The last scoring system is developed by the IOTA group, it is a new model called the ADNEX (the Assessment of Different NEoplasias in the adneXa). This model contains three clinical and six ultrasound predictors: age, serum CA-125 level, type of centre (oncology centres vs. other hospitals), maximum diameter of lesion, proportion of solid tissue, more than ten cyst locules, number of papillary projections, acoustic shadows, and ascites. This huge study was performed in twenty-four ultrasound centres in ten different countries with a total of 5,909 patients [24].

Their final ADNEX model is available online and in mobile applications

(www.iotagroup.org/adnexmodel/). This application has the advantage of calculating the risk even if the serum CA-125 level information is unavailable.

Materials

Toshiba Aplio 500 scanner with 6.0 MHZ Transvaginal transducer (model PVT-661VT) was used to acquire images.
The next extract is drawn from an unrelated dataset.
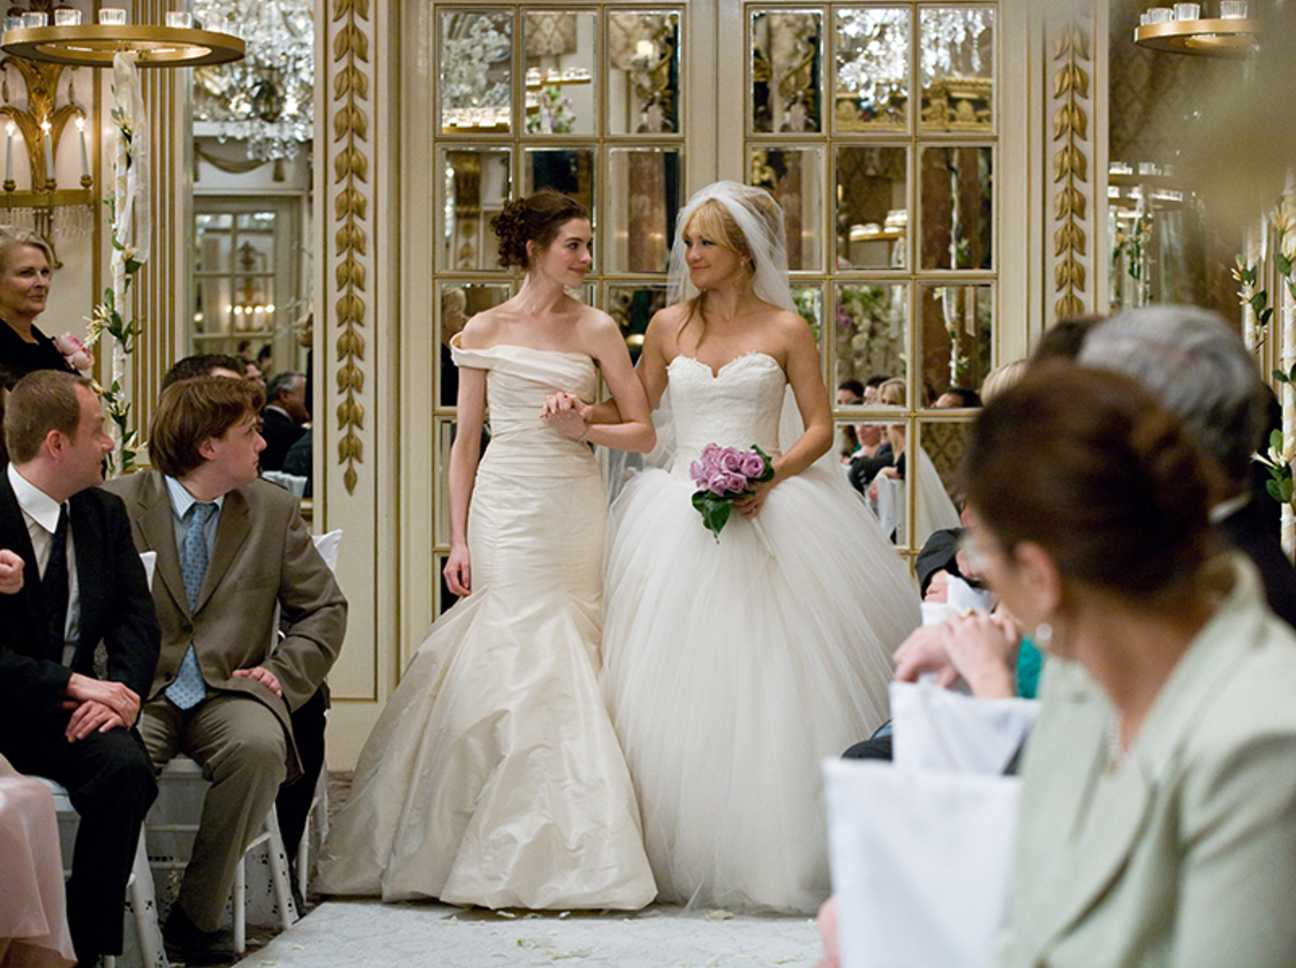 Отели из фильмов - Война невест The Plaza

Standard presetting was used in all scans.

Transvaginal Ultrasound images were collected from participants and transformed to a PC as a BMP files for off-line analysis. MaZda software 4.6 (Institute of Electronics, University of Lodz, Poland) was used to perform the texture analysis. More details about this software are available online at: http://www. eletel.p.lodz.pl/mazda/. A ROI region of interest was drawn around the mass in each image then the two texture analysis features were selected (GLCM and Wavelet) then the sum of each features was documented.
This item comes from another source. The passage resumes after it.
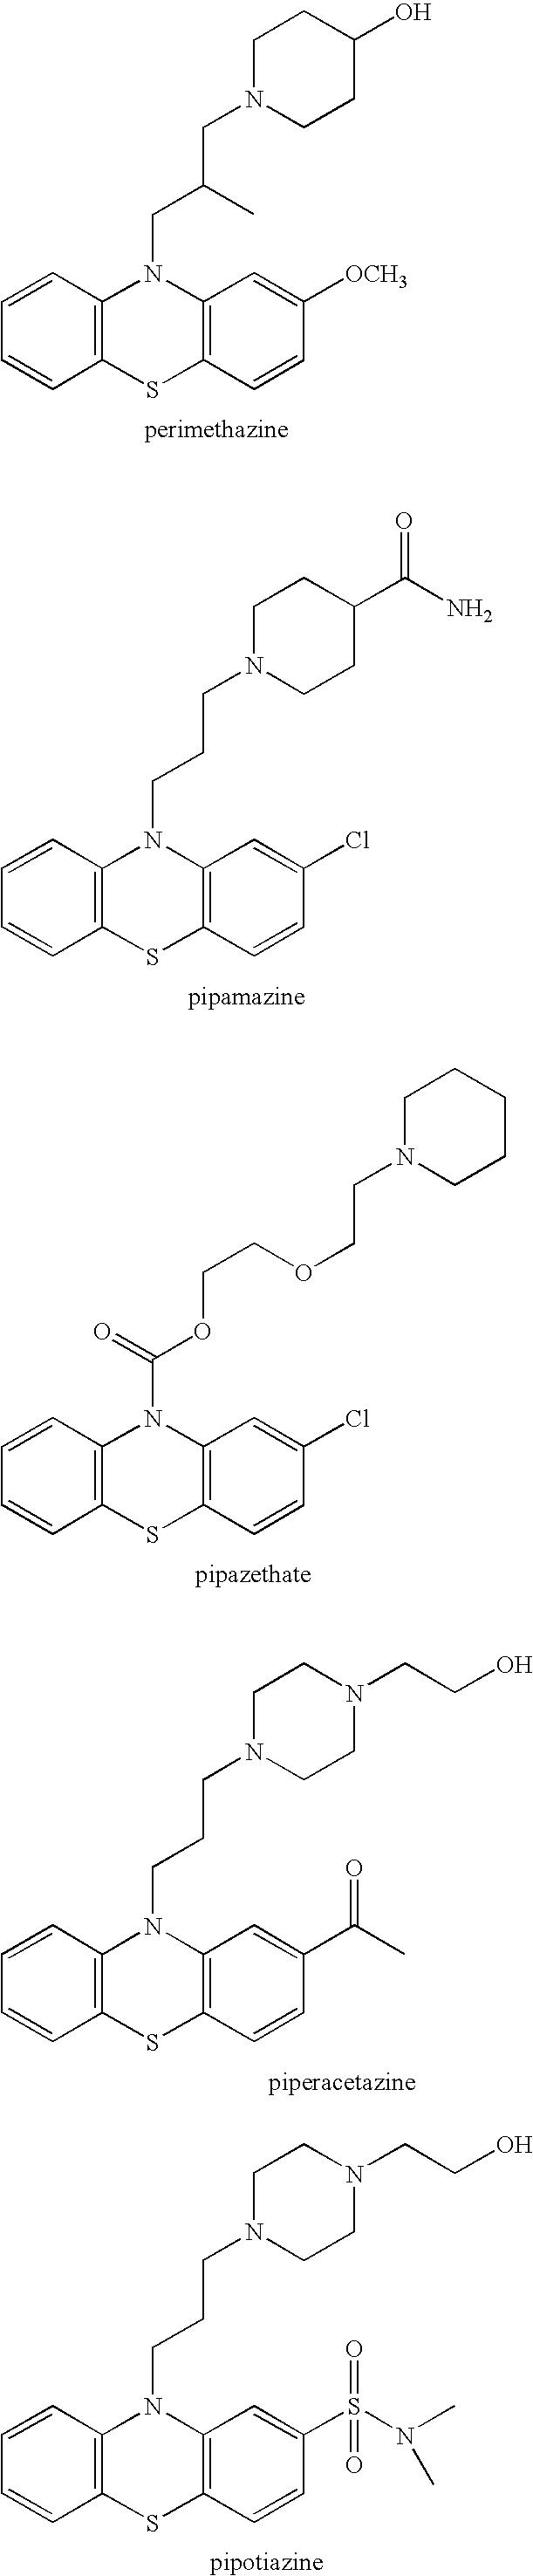 Figure US20070299043A1-20071227-C00264

GLCM is a second order statistical technique that allows for the extraction of statistical information from the image regarding the distribution of pair of pixels. It is computed by defining a direction, a distance and pair of pixels separated by this distance, computed across the defined direction [25].

Wavelet is a transform method of texture analysis. It is a tool that separates data into different frequency components. This feature measures the frequency content of the image on a given scale and in a given direction [26].

Histopathological diagnosis was obtained in women who underwent surgery and used as the gold standard. In cases where participants were managed conservatively and no histology results were available, ultrasound diagnosis by an expert examiner was used in typical adnexal masses (endometrioma, typical dermoid and simple cyst) as well as the use of a second diagnostic model such as MRI or CT where appropriate. Additionally follow-up at a minimum of 12 months after the ultrasound scan was used. Inclusion criteria: women age 18 and above with known pelvic masses. Exclusion criteria: women with other Gynaecological malignancy, i.e. not pelvic mass, pregnant patients, previous history of bilateral oophorectomy, difficult scans and unclear scan images and age less than 18 years old.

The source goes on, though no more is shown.